The table layout differs on each page due to content on a single page. For example, we have 1000 rows in the table and want to repeat the table header on each page then somehow browser view is different than the result we got from the HTMLToPDF conversion.

Please help us find a way to process the PDF generation process for each page individually instead of the entire table.

eo_support

Posted: Thursday, February 1, 2024 10:08:00 AM

Rank: Administration
Groups: Administration

Joined: 5/27/2007
Posts: 24,098

Niranjan Singh wrote:

Please help us find a way to process the PDF generation process for each page individually instead of the entire table.

I am not sure if I understand your question correctly. What do you mean by "process the PDF generation process for each page"? What are you trying to achieve? PDF generation is always processed on the entire document level. Splitting the entire document into multiple pages is just one step of the process.

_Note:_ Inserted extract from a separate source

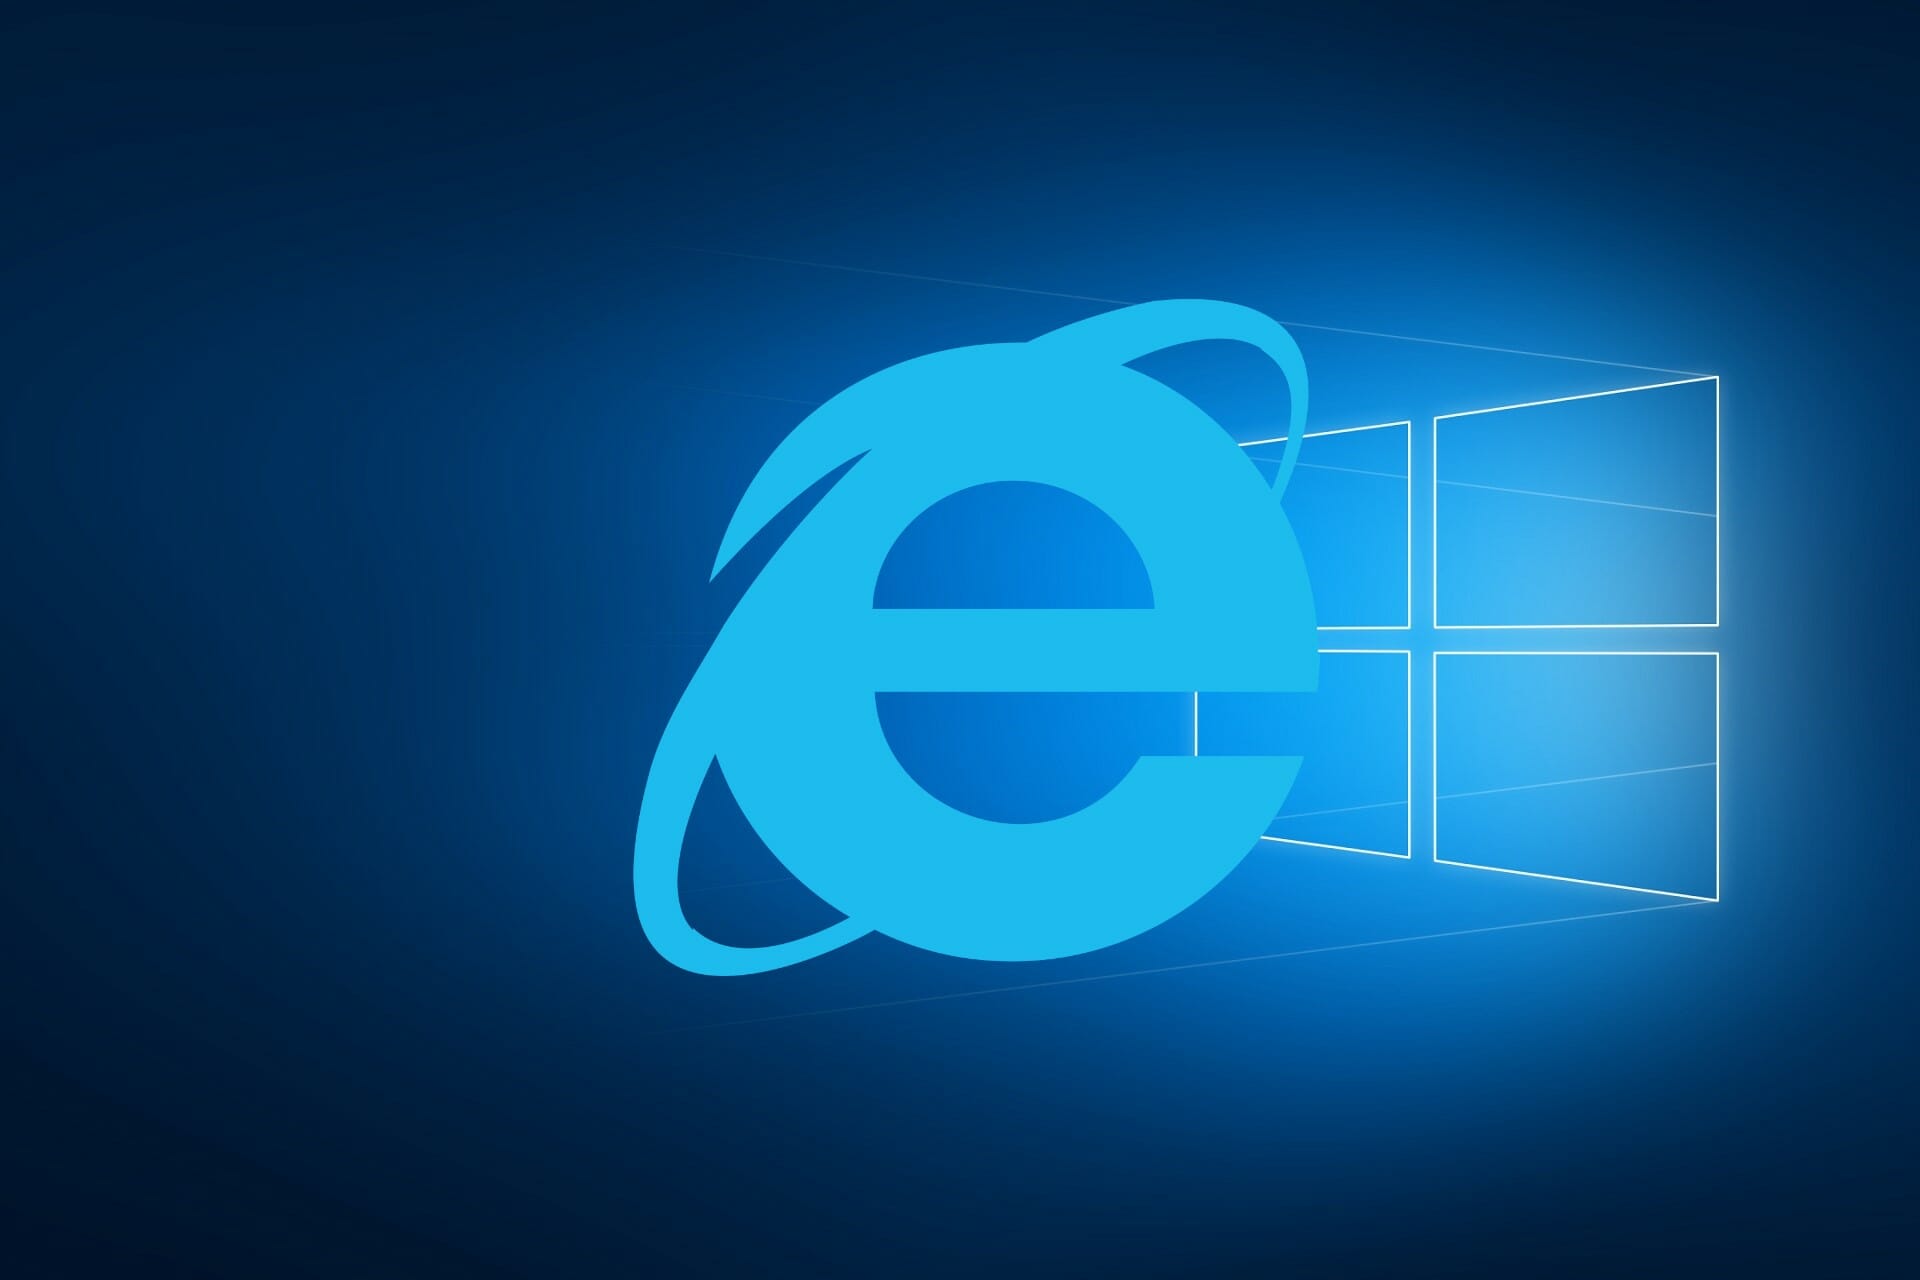 O IE será removido do Windows 10?
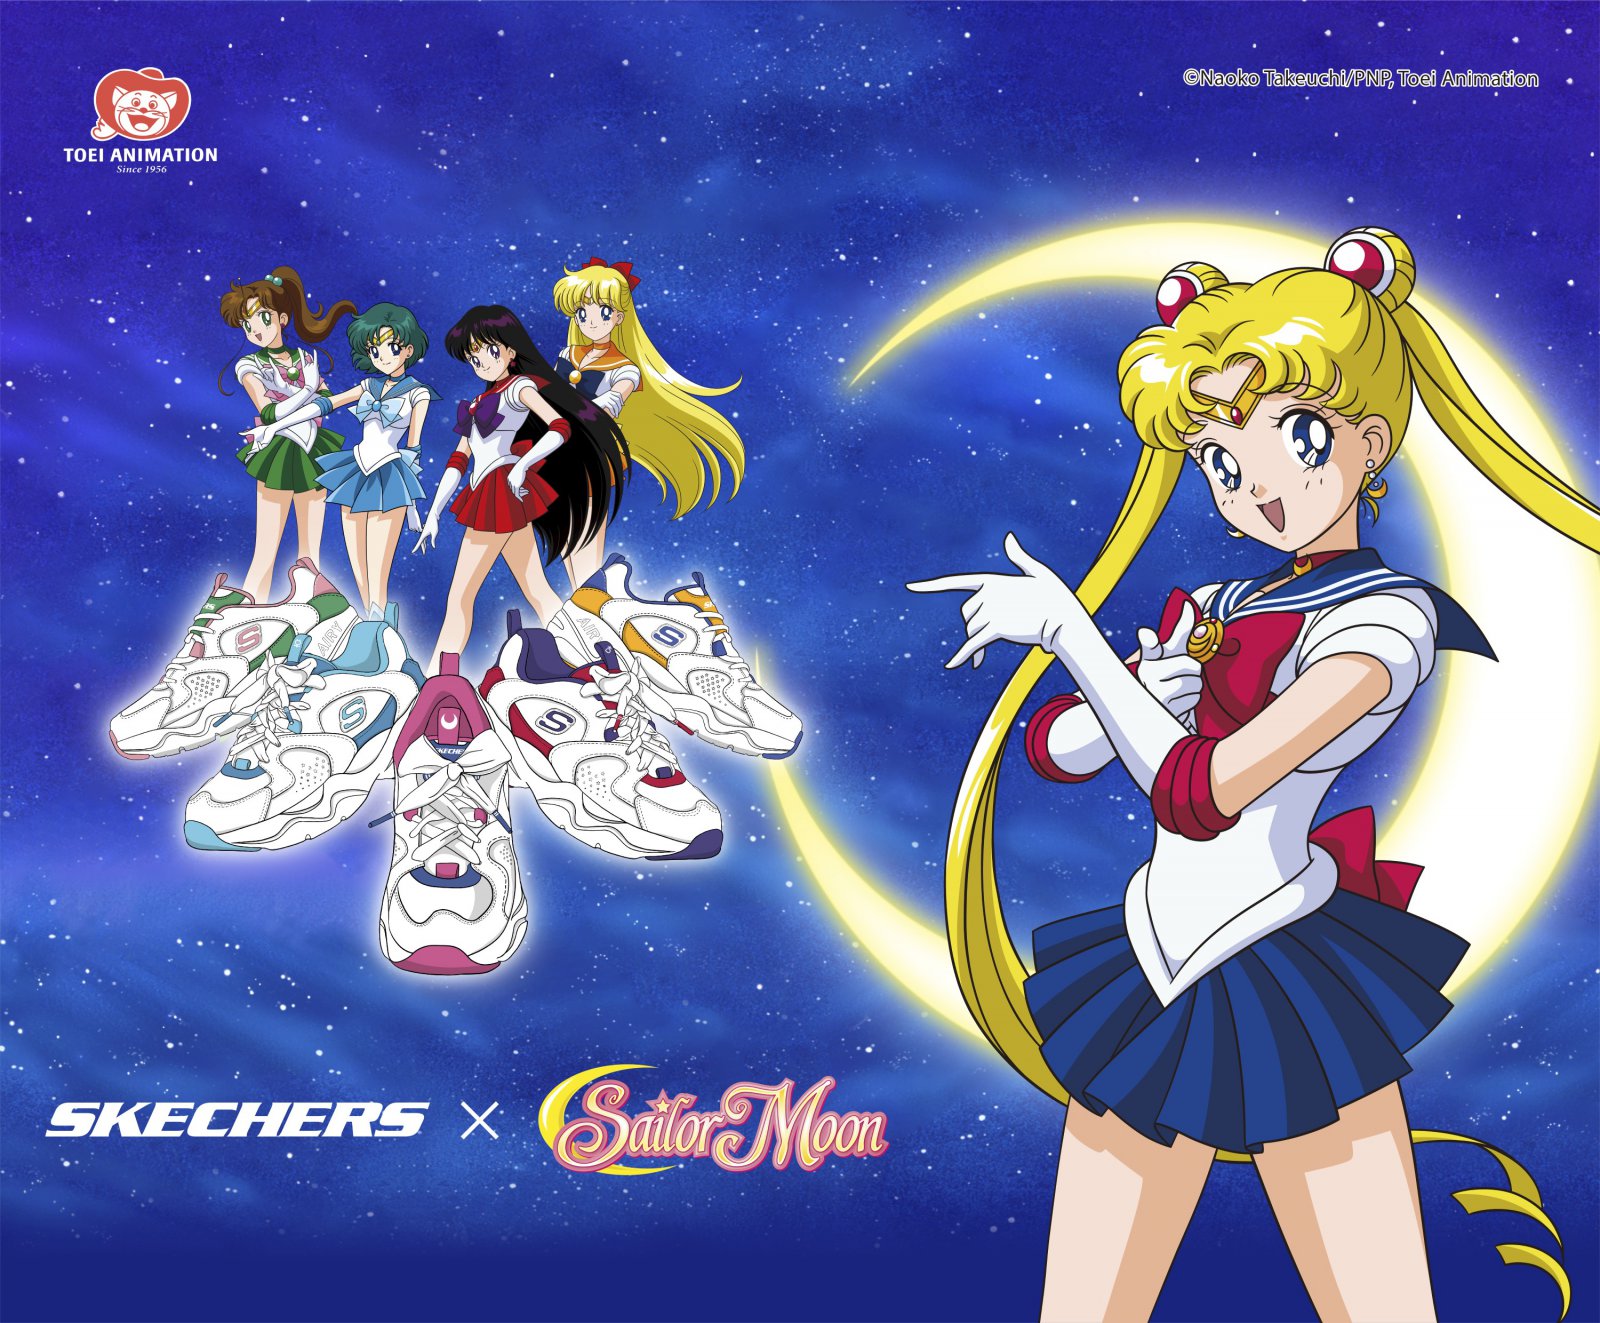 Skechers X Sailor moon | Skechers X Sailor Moon | รวมความน่ารักสุดคิ้วท์ ของ SKECHERS X SAILOR MOON ที่เหล่าสาวกเซเลอร์มูนต้องมี

Also can you PM us your order number? We need to verify your order number in order to continue to provide tech support to you.

Niranjan Singh

Posted: Thursday, February 1, 2024 1:44:11 PM

Rank: Newbie
Groups: Member

Joined: 10/27/2023
Posts: 8

Thank you for explaining the internal process of creating pages in the library. We are currently facing a problem with synchronizing the pagination on the user interface and the exported PDF. We have created the page size with respect to the orientation and are trying to fit the table rows so that they will not span on the next page. We have implemented our own pagination logic and created multiple pages. After processing these pages one by one, we add them to the PDF document using the EO library.

We have considered a new approach after suggestions from your side where we process the PDF document first and calculate how many rows will fit on each page. However, as you mentioned, the EO.PDF library's pagination logic renders the HTML on a large page and then cuts it off into multiple pages. This causes a problem because when rendering pages on different pages, the columns adjust according to the content, which can lead to inconsistencies with previous pages. Additionally, the EO library returns more rows on the pages because it uses the first page table header as a reference to freeze the column width, but in HTML, this is not true. To know how many rows will fit on a page, we are processing rows by adding them to the page one by one and then trying to find whether these rows fit on a single page or not. It is too slow a process to do pagination, but it is working great. The UI and PDF are not in sync.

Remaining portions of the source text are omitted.